Records shown:
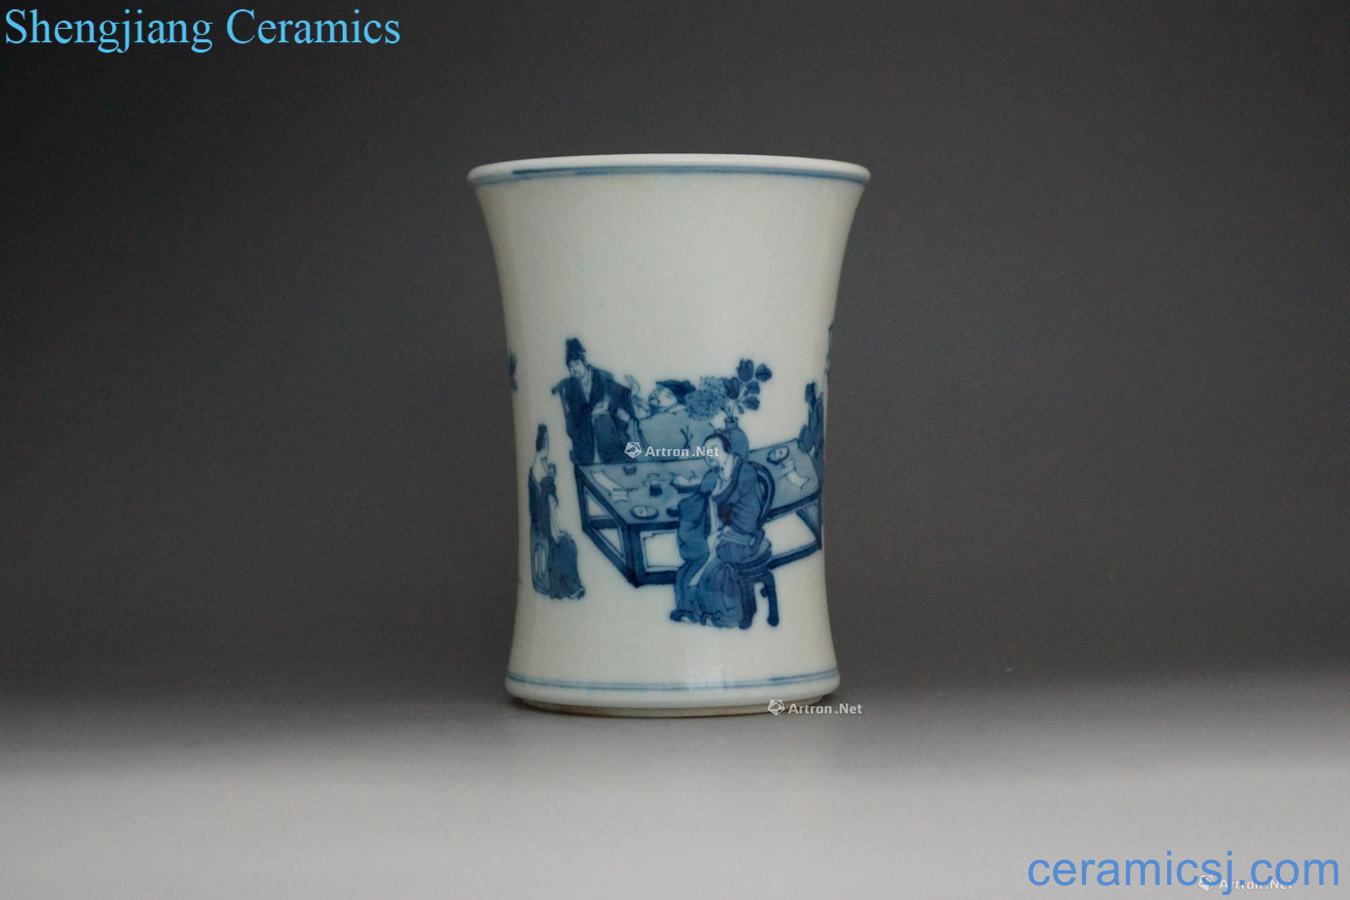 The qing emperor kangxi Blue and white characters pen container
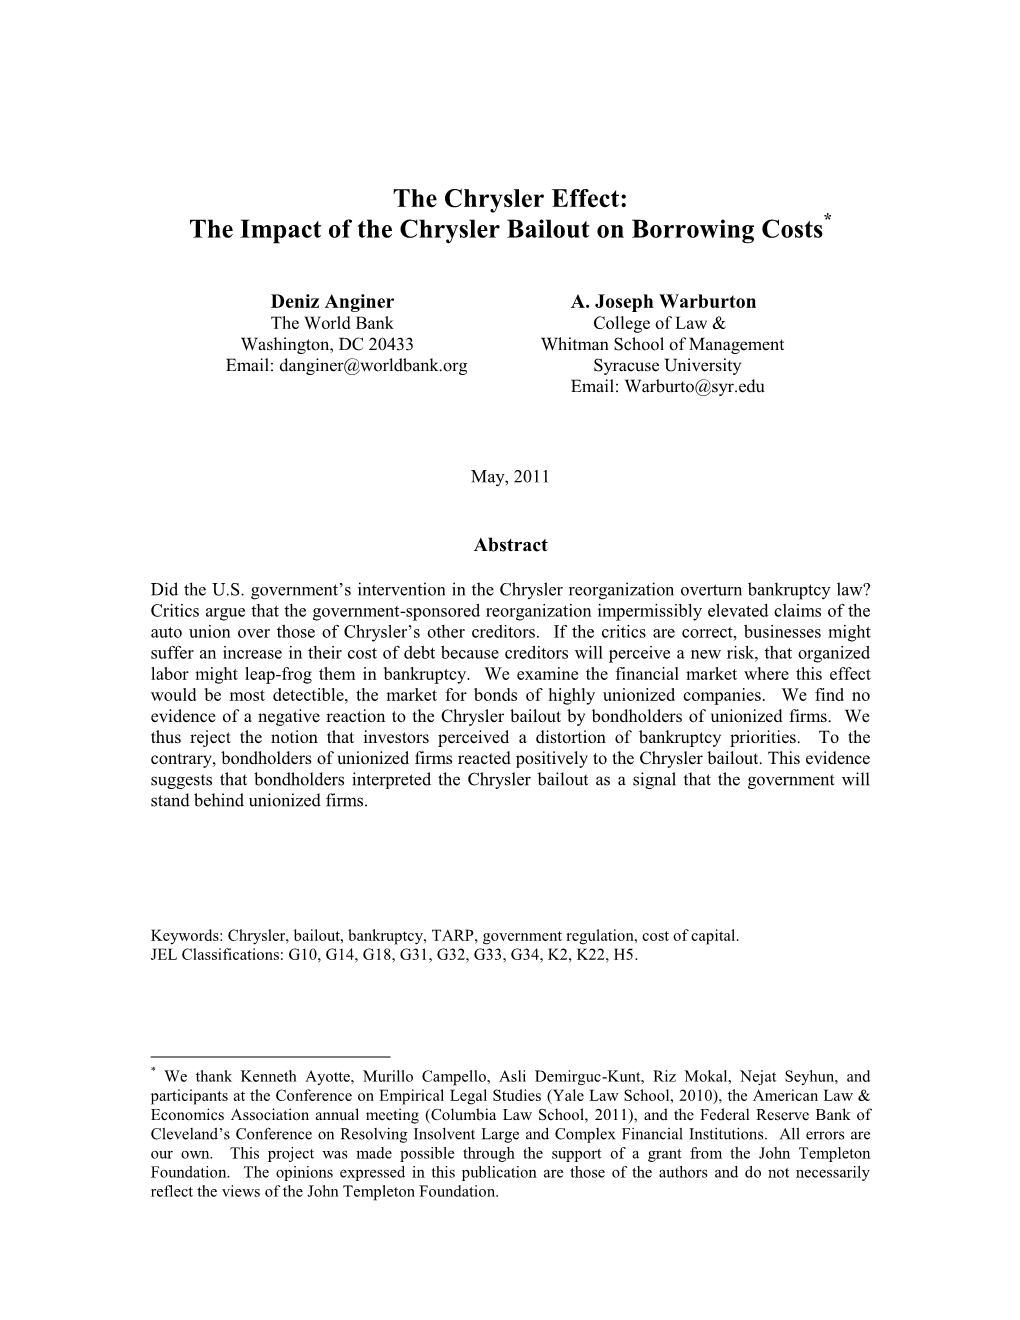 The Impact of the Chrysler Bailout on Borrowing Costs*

---

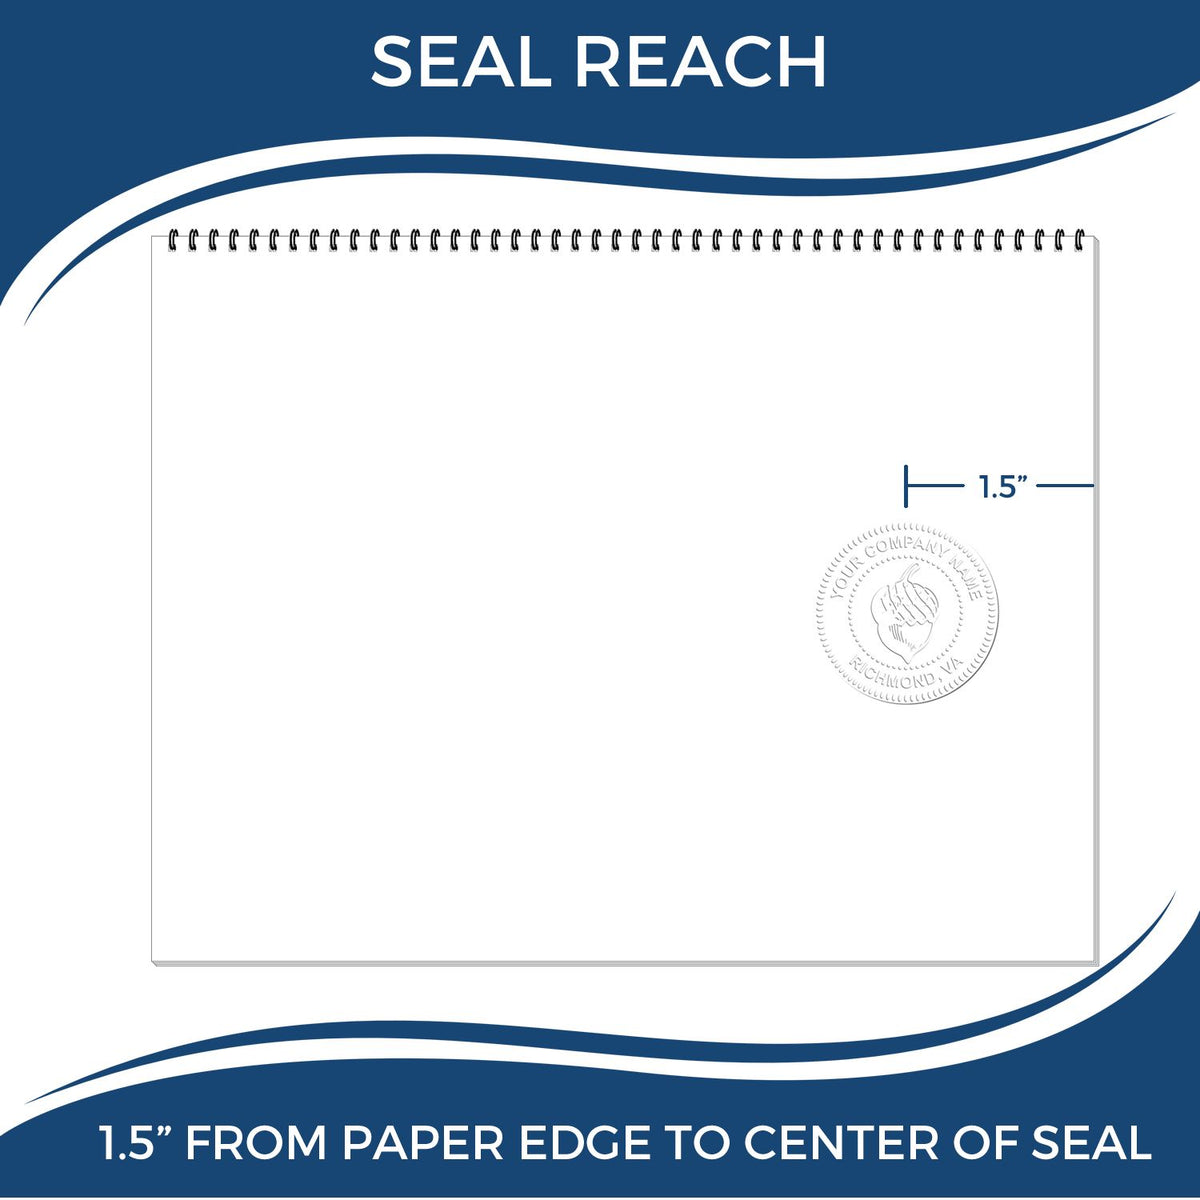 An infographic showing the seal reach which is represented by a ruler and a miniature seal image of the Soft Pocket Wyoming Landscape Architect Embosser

Aim of the task: What you write must match the listing exactly, from the line with "The qing emperor" up to and including the line with "The Impact of". Pictures stay out.

Response area:
 The qing emperor kangxi Blue and white characters pen container
 The Impact of the Chrysler Bailout on Borrowing Costs*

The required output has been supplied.